I imagine you guys already know this but considering we’re up against the timeli...

stavros · on Dec 8, 2019

I would donate my IP/bandwidth to archive.org if I could run a scraper easily.

ignoranceprior · on Dec 8, 2019

You can install ArchiveTeam Warrior:

https://www.archiveteam.org/index.php?title=ArchiveTeam_Warr...

squarefoot · on Dec 8, 2019

Thanks! I never heard of that before; just like project SETI though for archival purposes.

What are the hardware requirements of that VM? I'm attempting to import it on my NAS4Free home NAS Virtualbox service which is the only machine I keep up 24/7 atm, but it takes forever to import. The hardware is very limited however (Atom D410 + a bit over 1GB RAM available), so I'm not sure it would succeed, but so far it loads forever, no errors given. I'd like to run it for this project to start contributing quickly albeit with limited hw before the deadline, then find better iron in the future.

MandieD · on Dec 9, 2019

I’m running the Docker image on the smallest Hetzner VMs, with 5 concurrent groups and 40 shared rsync threads per container, and 12 containers per server.

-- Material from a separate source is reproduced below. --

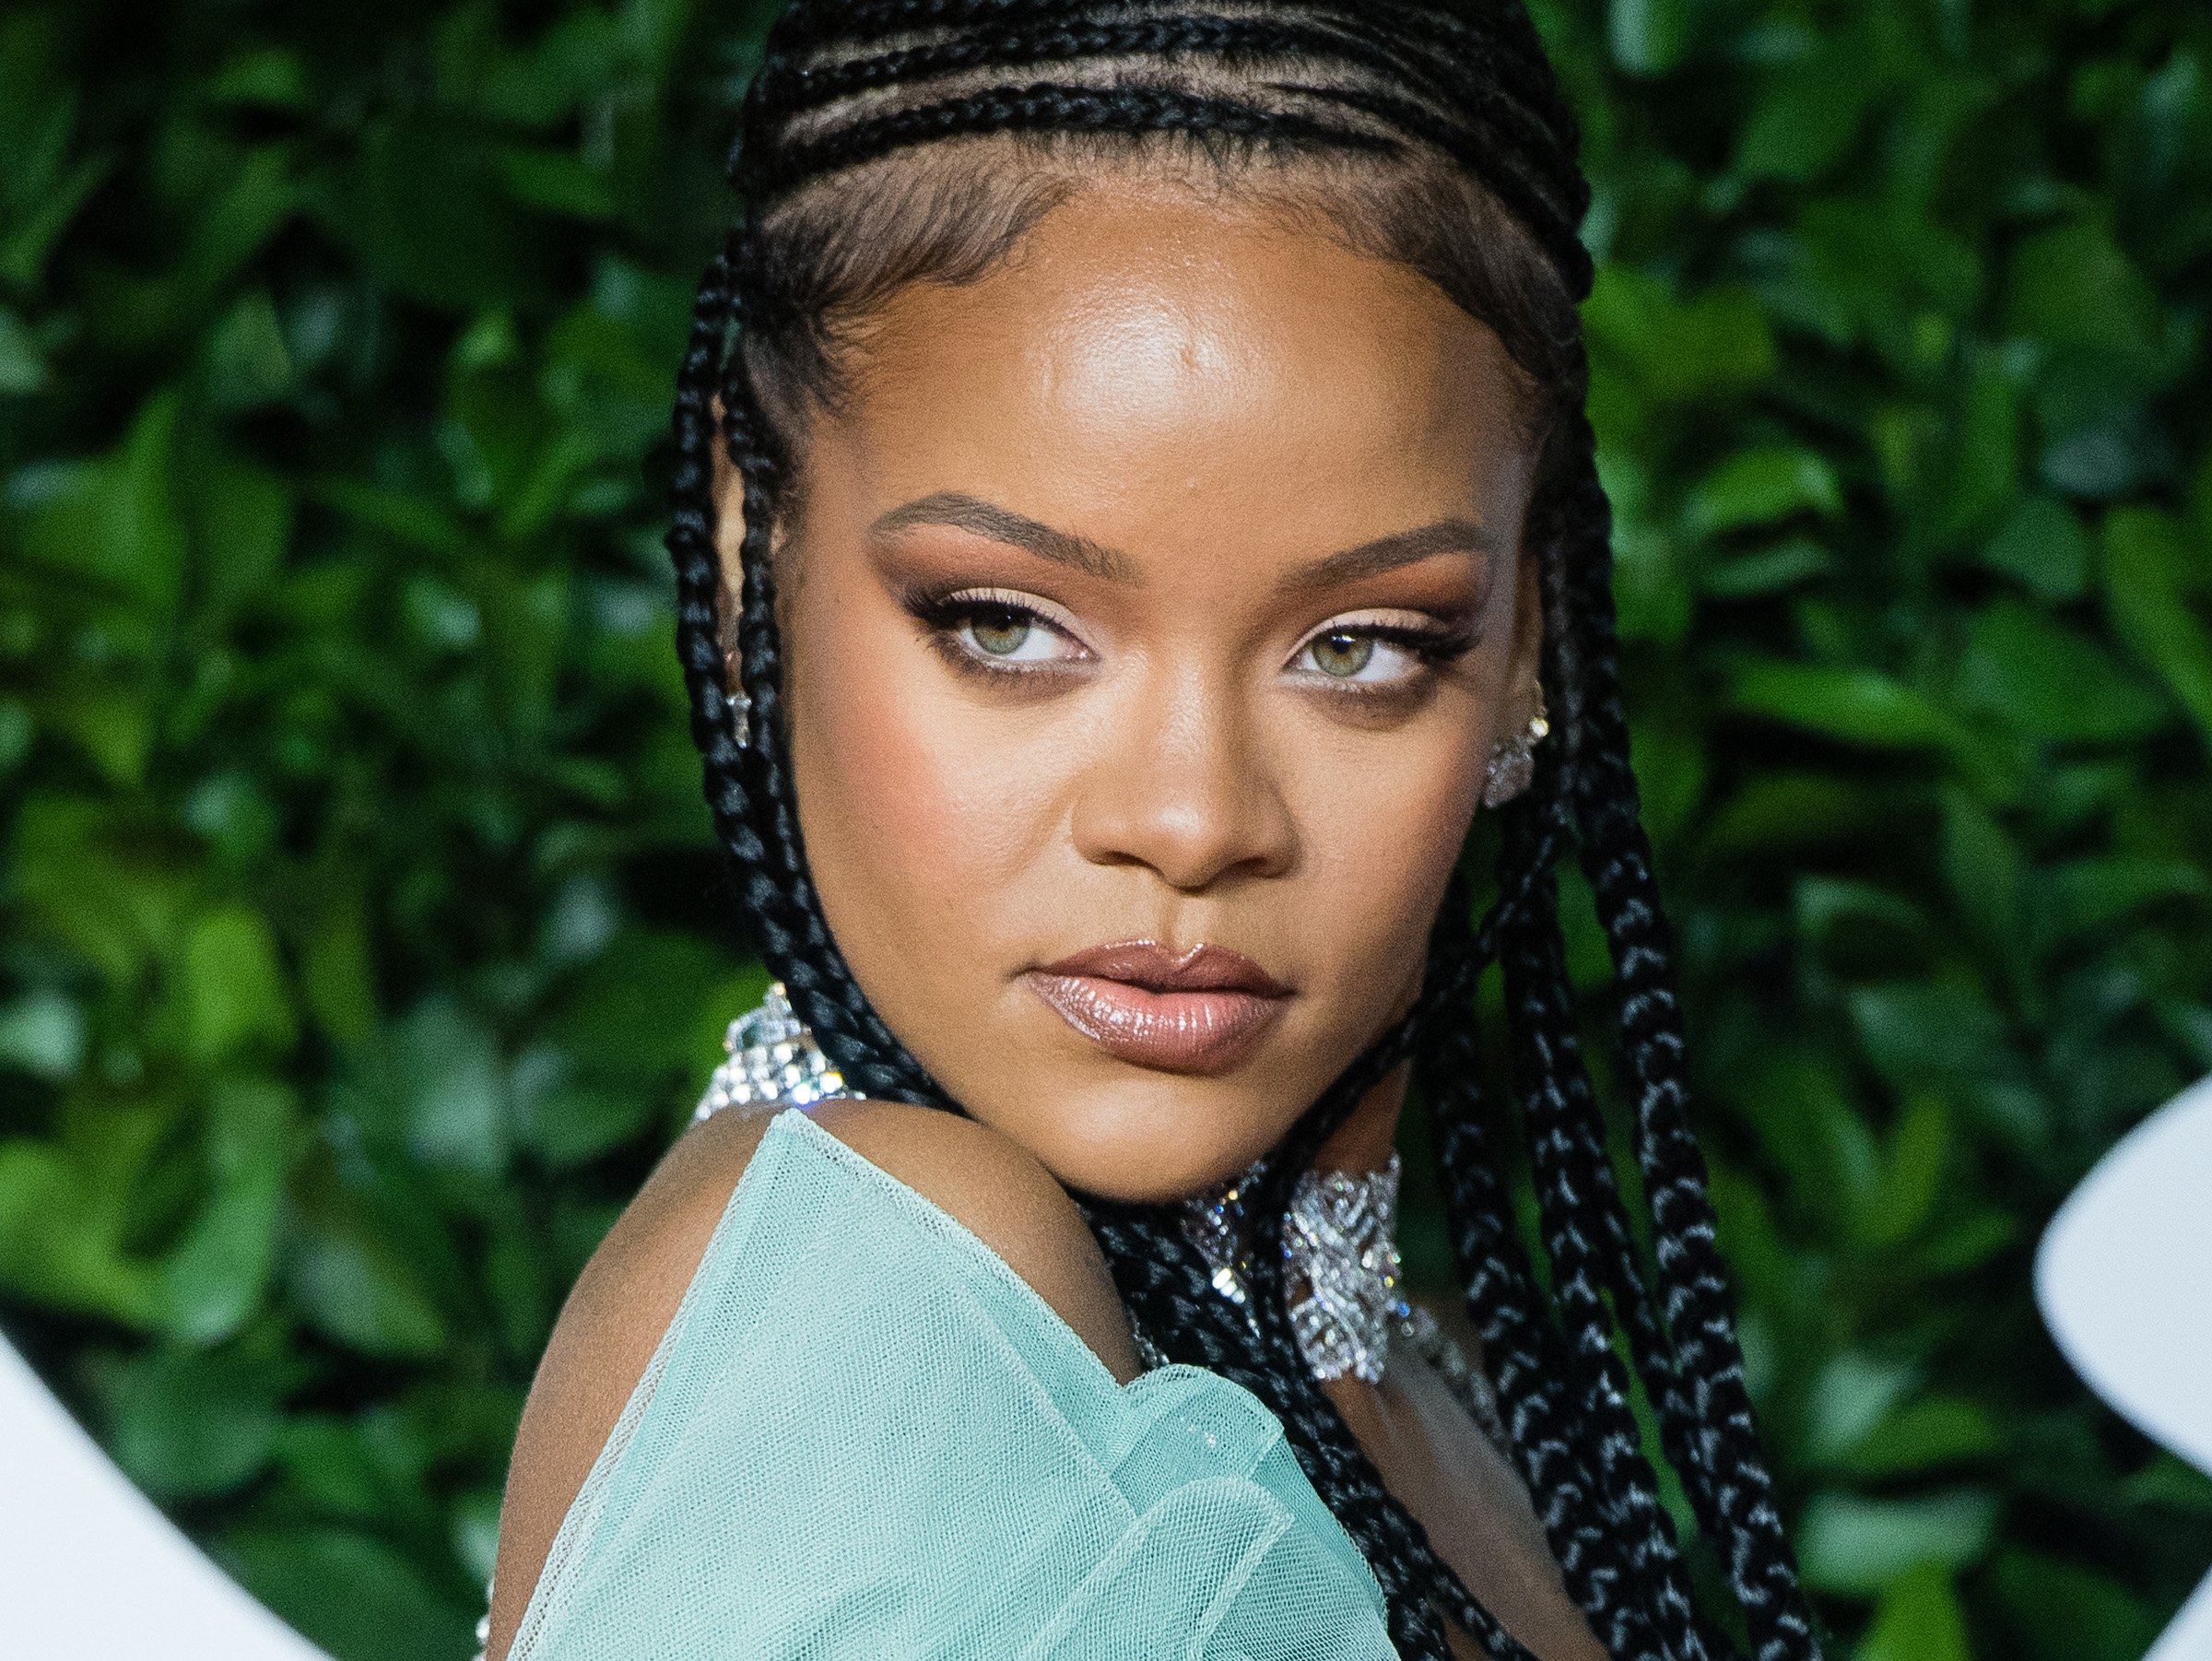 Rihanna is mostly succeeding in her mission to make a more

Start one container, do docker top on it to make sure it’s pulling, then start the others one by one, taking a few seconds between each to avoid overwhelming the CPU. I’ve got 6 of those little VMs going, and have rolled up 4GB and 2800 groups worth in 6 hours.

After they settle down, they’re more memory than processor intensive. I’ve considered playing with the settings a bit, but thought it was more important to get a bunch of them running on a couple different VMs at different sites.

If I were really feeling fancy, I’d write a nice deployment definition for orchestrating this with microk8s...

kalleboo · on Dec 9, 2019

I'm running it on a Synology NAS (Celeron J3455), and the docker manager UI claims it's using 180 MB RAM and less than 1% CPU (and I just confirmed it's currently working on archiving Yahoo! Groups)

icebraining · on Dec 9, 2019

I don't find it processor or memory heavy, it's mostly doing a lot of IO (network and disk).

Avamander · on Dec 8, 2019

Unfortunately it doesn't offer a qemu-compatible image or an image that would work when converted, it's a shame and shooting itself in the foot.

scarejunba · on Dec 9, 2019

You should be able to trivially run the Dockerfile[0] on a standard Ubuntu image for qemu, should that be your only reason for desisting.

0: https://hub.docker.com/r/archiveteam/warrior-dockerfile/

BGZq7 · on Dec 10, 2019

An ova file is just a tarball containing an ovf file and a vmdk file. The ovf file is a text-based configuration format, so you can get a basic idea of the config you'd need for qemu. Then the vmdk can be converted with qemu-img.

I used the following qemu-img command:

    qemu-img convert -O qcow2 archiveteam-warrior-v3-20171013-disk001.vmdk archiveteam-warrior-v3-20171013-disk001.qcow2

I use the following to run the VM (I gave it some more memory because I have plenty to space):

    qemu-system-x86_64 -m 1024 archiveteam-warrior-v3-20171013-disk001.qcow2

I think they were doing some kind of port forwarding, but I didn't bother, and I just access the web interface using the VM's IP (you can hit alt-right arrow to go to a login prompt and log in as root then run "ip a" to see the IP).

Avamander · on Dec 11, 2019

I know, I did that and it didn't boot. Couldn't be bothered further and I ain't installing docker on my system, it's incompatible with my setup.